◆ About this task: Make an exact copy of all the records that follow, apart from the pictures.

◆ Data extracts:
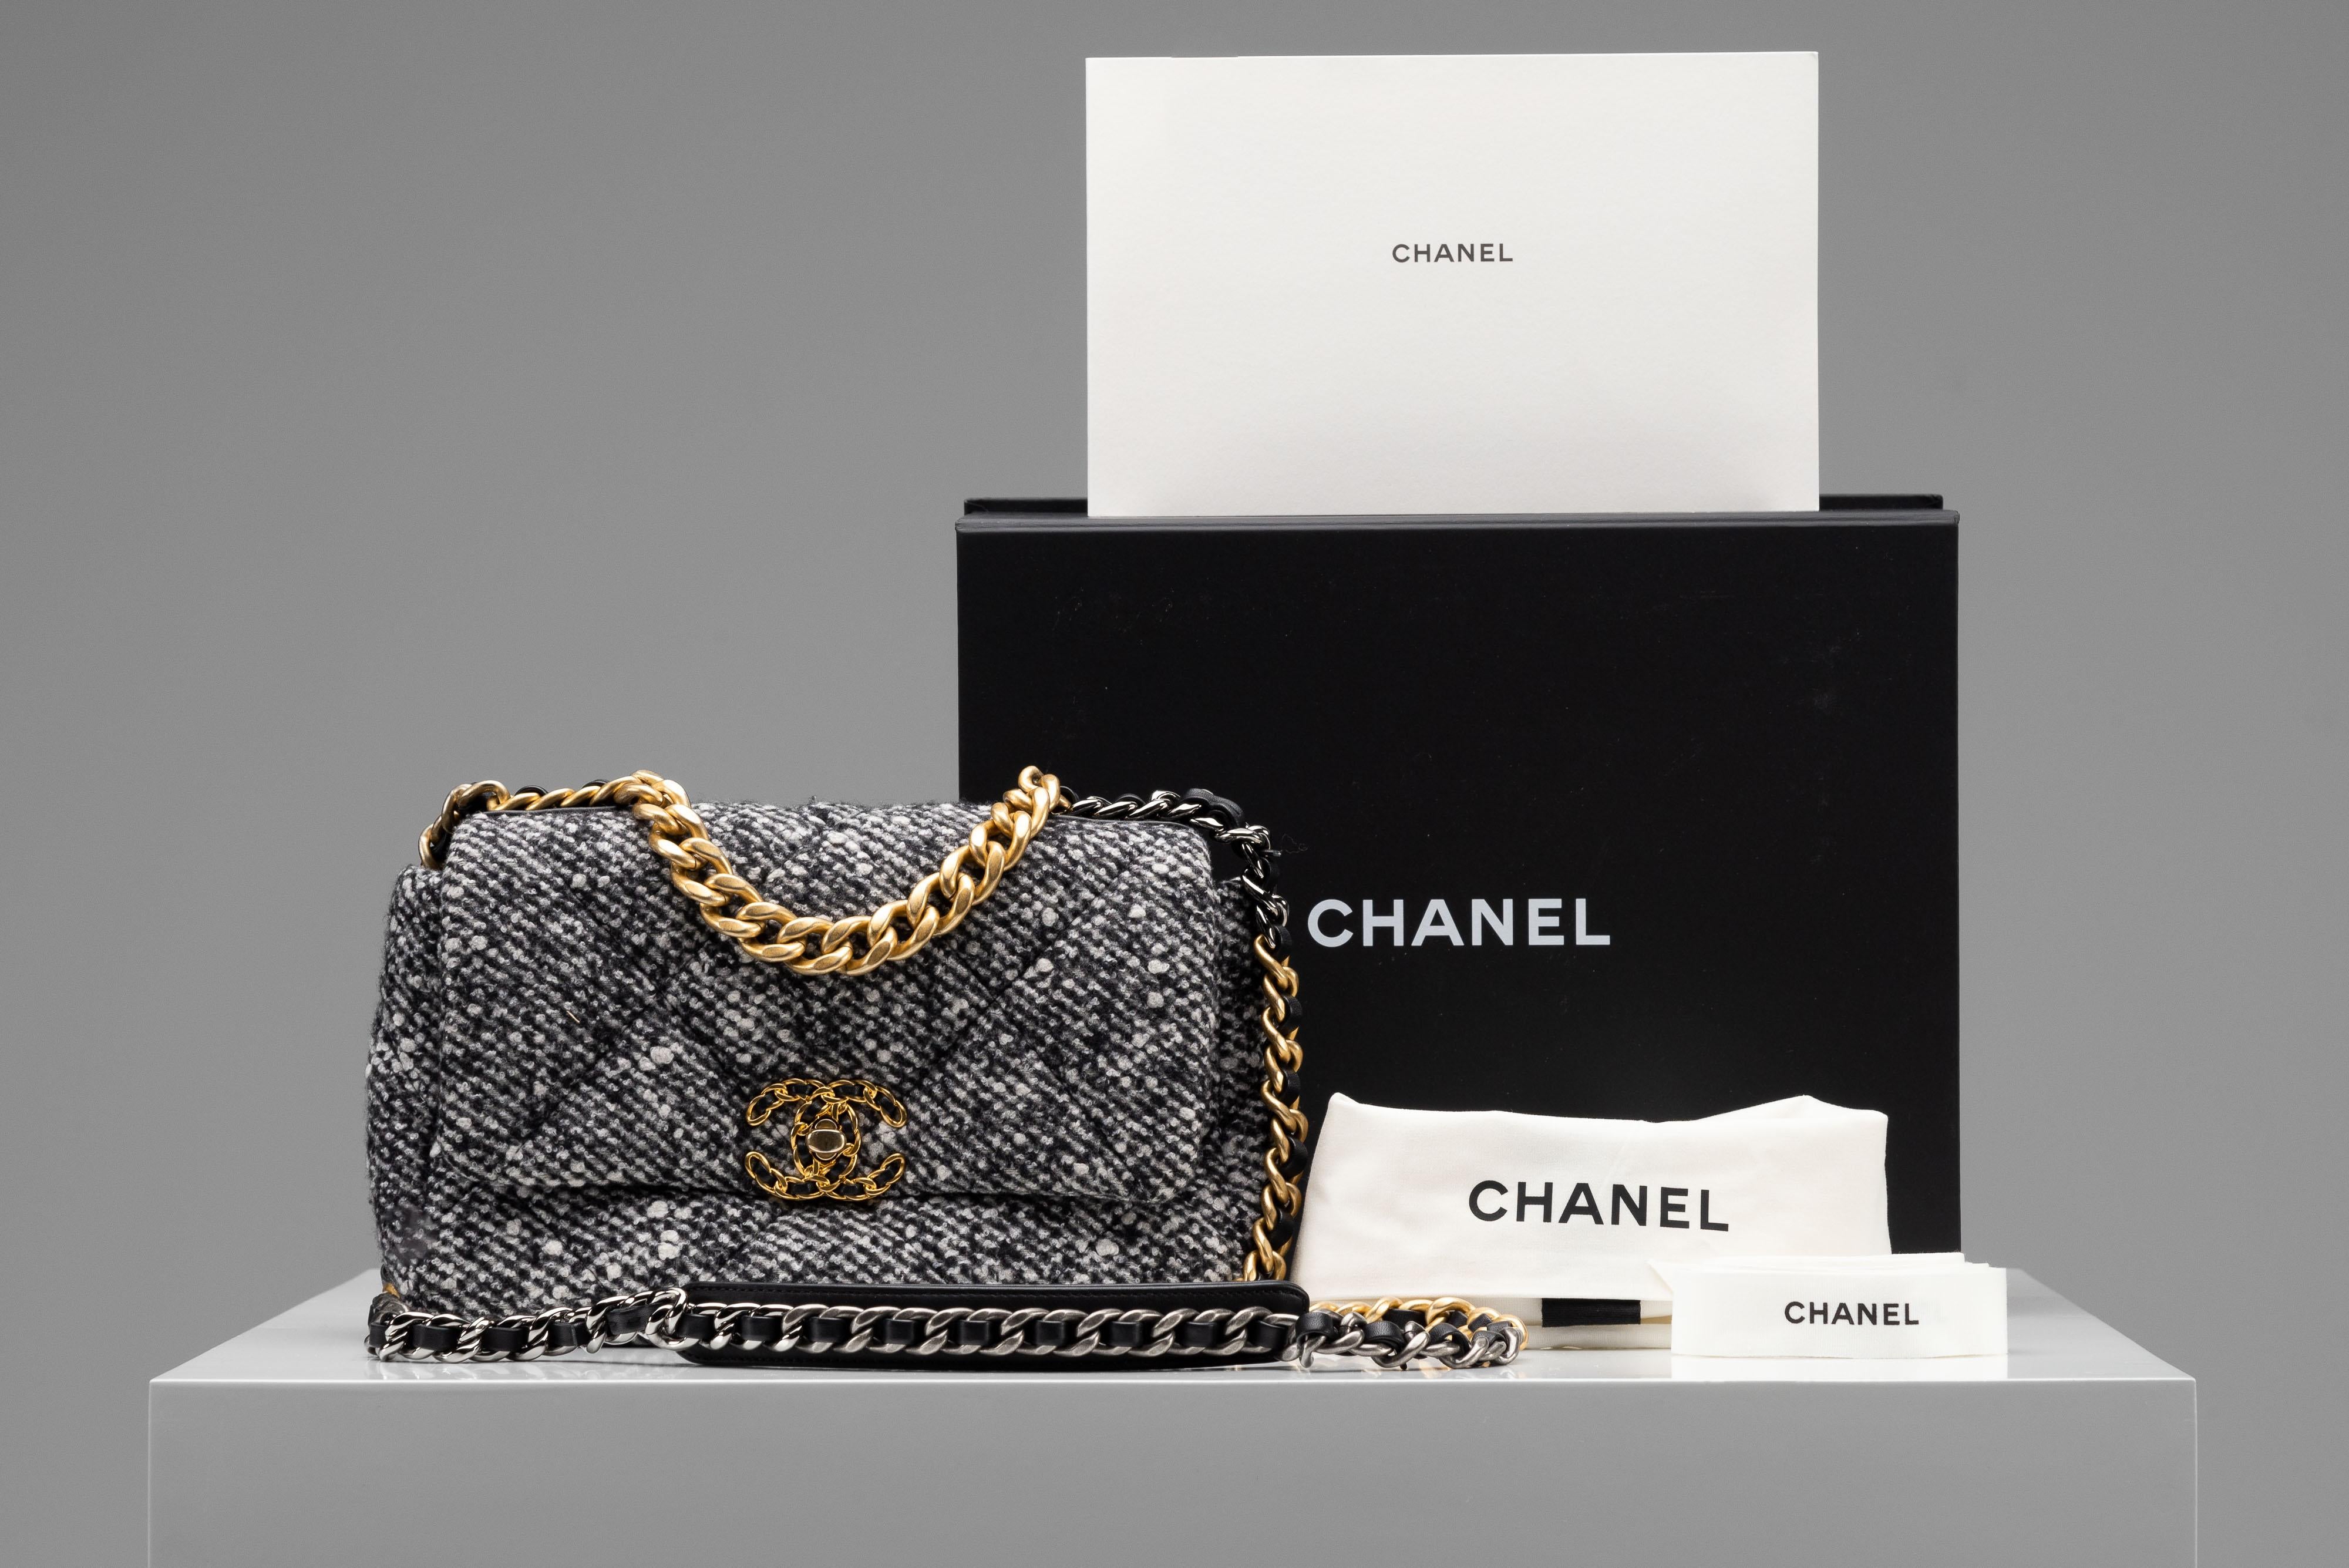 De la Collection SINETI nous vous proposons ce sac Chanel 19 à rabat :

- Marque : Chanel
- Modèle : 19 (Petit/ Régulier 26cm)
- Couleur : Tweed (Noir/ Blanc/ Gris)
- Année : 2021
- Condit : Excellent 
- MATERIAL : Tweed, quincaillerie couleur or
-
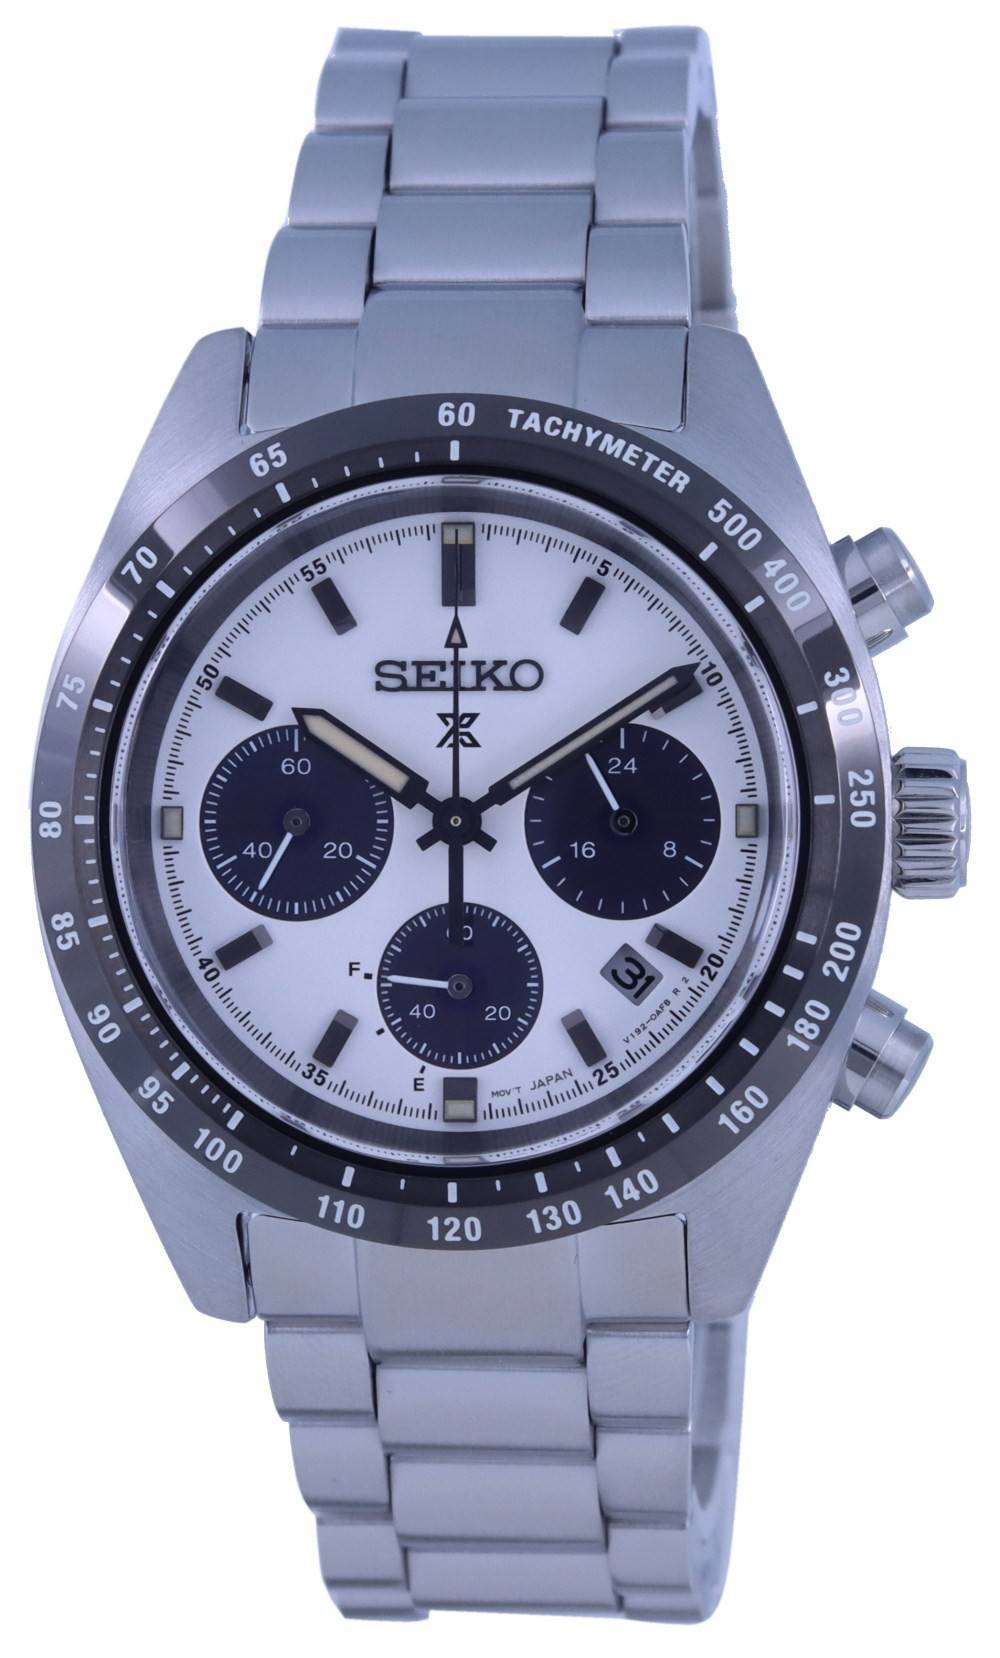 Đồng hồ Seiko Chronograph - Đồng hồ tự động chronograph Seiko Men

◆ Solution to this exercise:
 De la Collection SINETI nous vous proposons ce sac Chanel 19 à rabat :

- Marque : Chanel
- Modèle : 19 (Petit/ Régulier 26cm)
- Couleur : Tweed (Noir/ Blanc/ Gris)
- Année : 2021
- Condit : Excellent 
- MATERIAL : Tweed, quincaillerie couleur or
-
 Đồng hồ Seiko Chronograph - Đồng hồ tự động chronograph Seiko Men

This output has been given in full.